You're suggesting that there's not one single smart guy that works for any of these companies. I just take exception to you. I don't believe that simply because I understand the Internet that I'm smarter, that my vision is longer, my understanding is deeper. That's foolish, totally foolish. We've got some of the most extraordinary people in the world. We've been working with Cal Tech and MIT, and others -- New York Institute of Technology; the finest brains in the so-called technological world, and that's going on all the time.

What about yourself: have you ever downloaded an MP3 or heard one?

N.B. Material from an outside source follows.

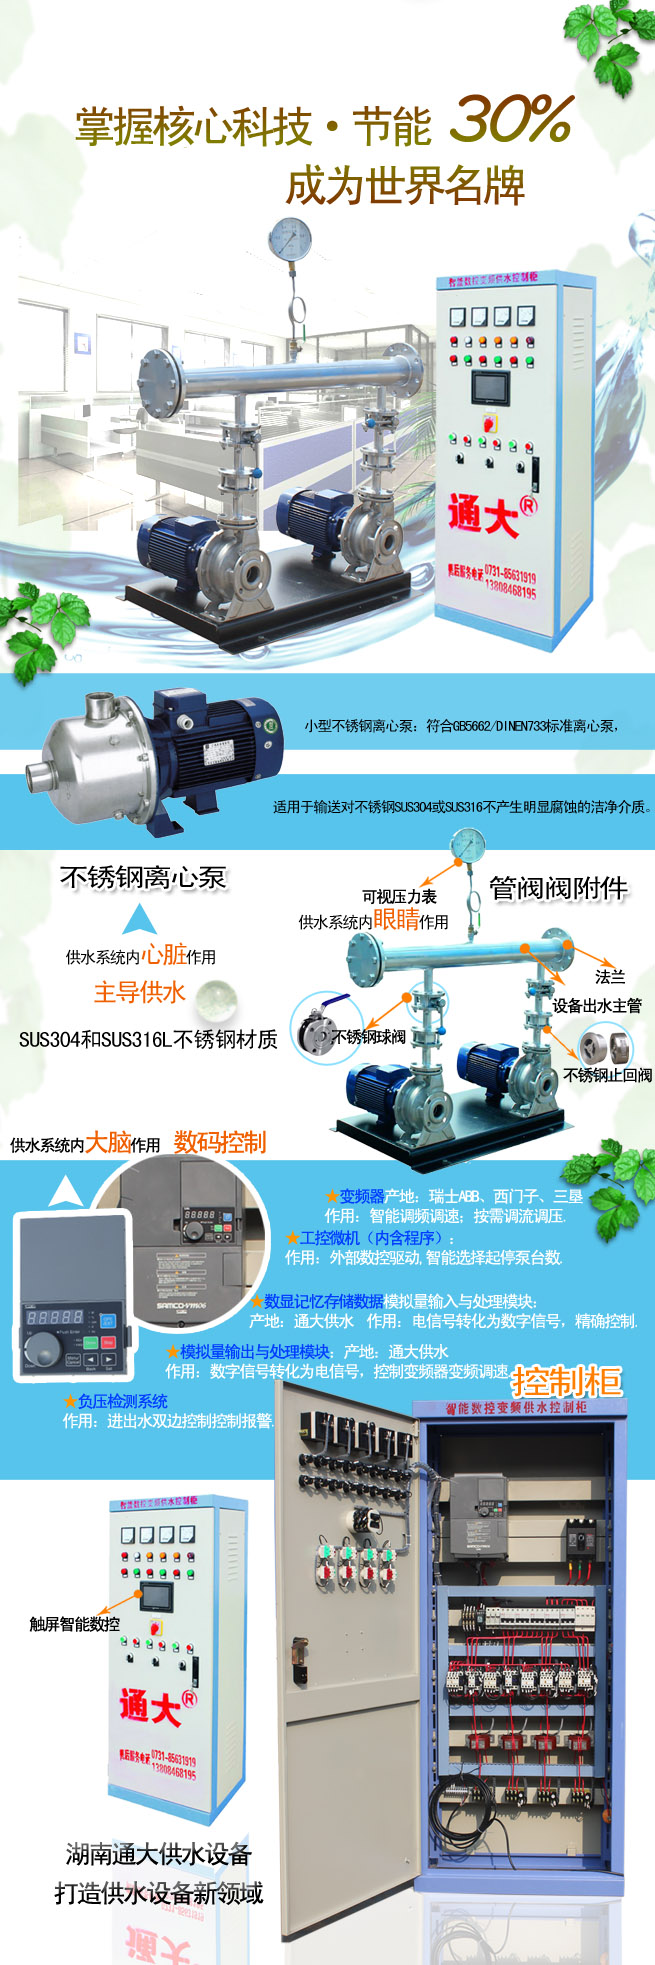 自吸式第Ⅲ代变频恒压供水设备

No, I haven't done that, but I have people on my staff who have done it. And just because I haven't done it doesn't mean -- you know, I haven't excavated King Tut's tomb, but I've seen some of the things that came out of it.

One final point: today there's webcasting. I don't know what it's going to be called tomorrow, I don't even know where it's going tomorrow. I do know that with broadband access and DSL, that's going to be primitive in two years. All of this technology will seem old-fashioned in two years.

I have been in meetings with the Bill Gates and the Warren Buffets and Jay Walker, and Jeff Bezos, and Jerry Yang, and all these people, and they don't know where it's going either. They're making judgments. They're making educated judgments about how they're going to fashion the future, but I'm telling you: the future is like walking down some unlit corridor, and it gets darker and darker as you move into it. And after a while you're moving on instinct alone.


By Damien Cave

Damien Cave is an associate editor at Rolling Stone and a contributing writer at Salon.